NC Job Market Goes Nowhere
CHAPEL HILL (August 20, 2010) – The latest employment report for North Carolina is the worst one recorded so far in 2010. In July, the state shed 29,800 more payroll positions than it added. This drop erased 77 percent of the payroll employment gains made during the year’s first half. Moreover, a fall in the size of the labor force suggests that joblessness is more widespread than reflected in the unemployment rate.
“North Carolina’s fragile job market took a turn for the worse in July,” says John Quinterno, a principal with South by North Strategies, Ltd., a research firm specializing in economic and social policy. “The job report was the worst one of the year and points to a labor market that is deteriorating rather than improving.”
In July, employers cut 29,800 more positions than they added. The public sector shed 27,300 positions with local governments responsible for most of the losses (-26,500). Total private-sector payroll employment fell by 2,500 positions. Among private industries, construction lost the most positions (-2,800), followed by leisure and hospitality services (-1,700) and professional and business services (-1,300). The losses were offset by gains in trade, transportation, and utilities (+2,800), manufacturing (+600), and finance (+600).
Additionally, a revision to the June data eliminated the slight net gain first reported for the month. Rather than gaining 5,100 positions, North Carolina actually lost 3,700 jobs. After accounting for that revision, North Carolina has shed, on net, 276,700 positions or 6.6 percent of its payroll employment base since December 2007.

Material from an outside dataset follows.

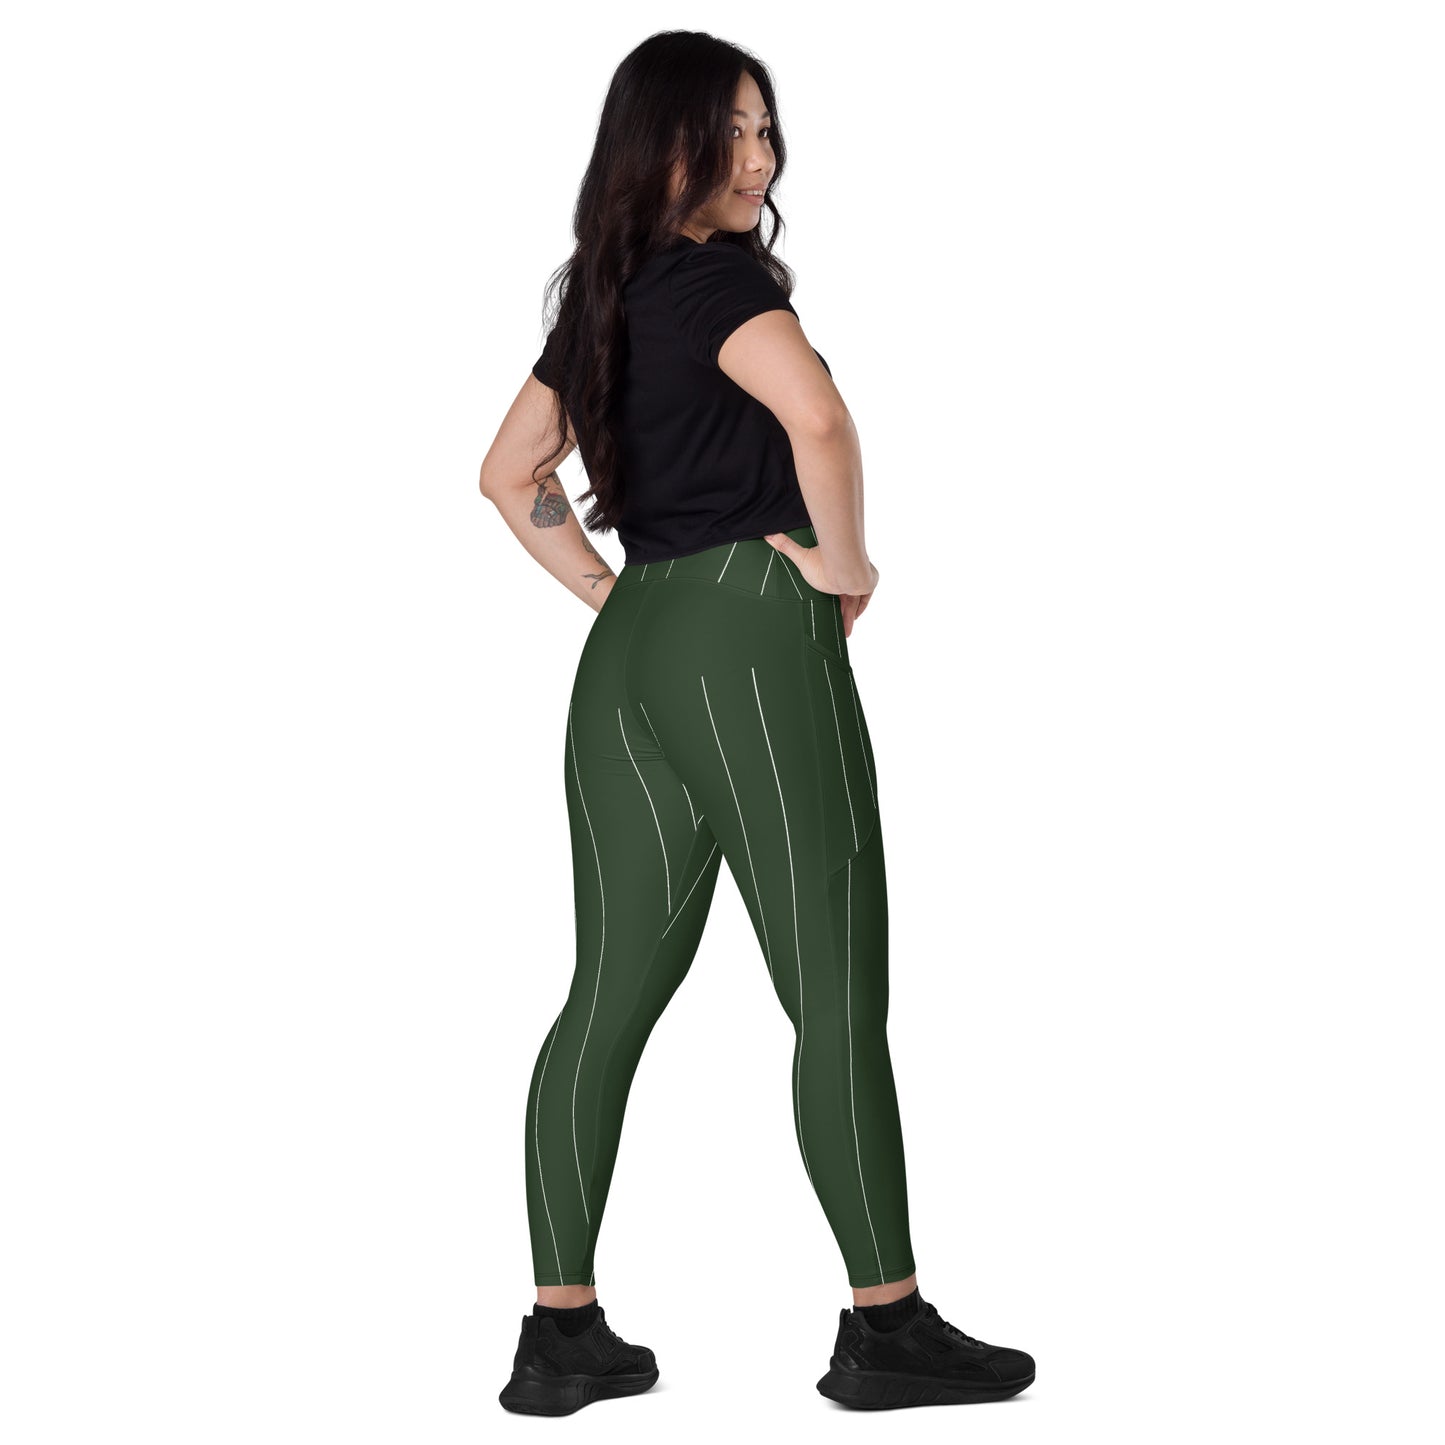 Green Stripe Crossover leggings with pockets

“Last month’s payroll losses erased 77 percent of the gains recorded during the first half of 2010,” notes Quinterno. “North Carolina has netted just 9,000 payroll jobs since December. The pace of growth – 1,300 positions per month – is insufficient to keep pace with population growth, let alone replace the jobs lost during the recession.”

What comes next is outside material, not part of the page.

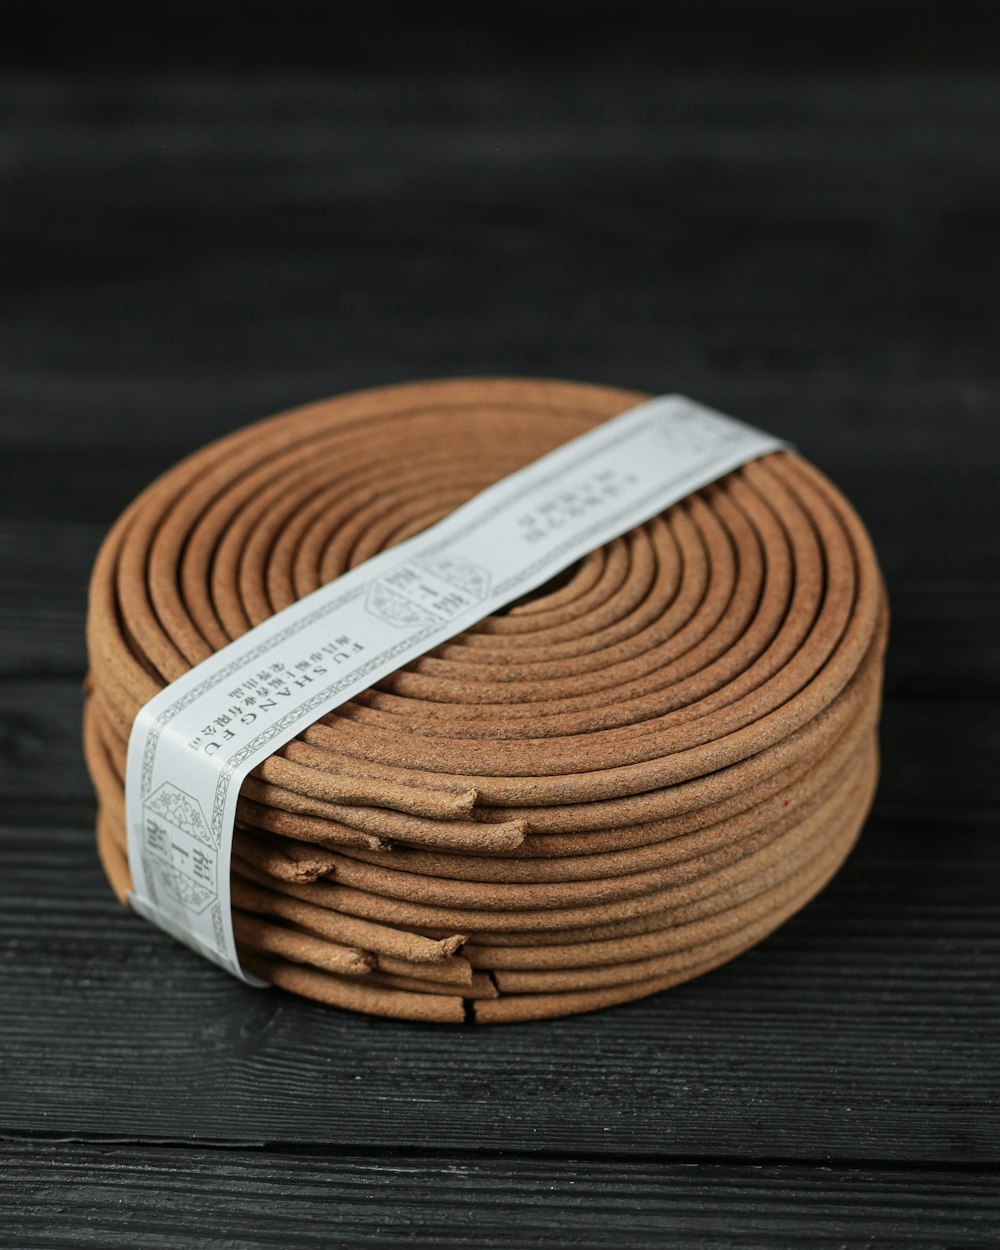 a roll of leather cord on a wooden surface

Labor market conditions have been flat over the past year. Compared to July 2009, the state had 6,000 (+0.2 percent) more jobs. In terms of individual industries, professional and business services grew the most in absolute and relative terms (+19,700, +4.3 percent). Government added 14,000 positions (+2 percent). Construction (-18,300) and manufacturing (-7,900) lost the greatest number of positions over the past year with construction declining the most in relative terms (-9.7 percent).
July’s household data also were troubling. Last month, the labor force contracted by 0.8 percent as 35,612 individuals stopped working or seeking work. The number of employed individuals fell, as did the number of unemployed individuals. Owing mainly to the contraction of the labor force, the unemployment rate fell from 10 percent to 9.8 percent. The reduction in the size of the labor force is disturbing and suggests that joblessness is much more widespread than reflected in official measures.
“Some 59,900 North Carolinians have left the labor force since May,” observes Quinterno. “The contraction is responsible for much of the recent decline in the unemployment rate. Unfortunately, this trend is consistent with a labor market that is declining rather than recovering.”
“The July jobs report exposed just how weak the economy really is,” explains Quinterno. “The economy is proving unable to generate jobs absent the crutch provided by public policy supports, and individuals across the state simply are abandoning the labor market.”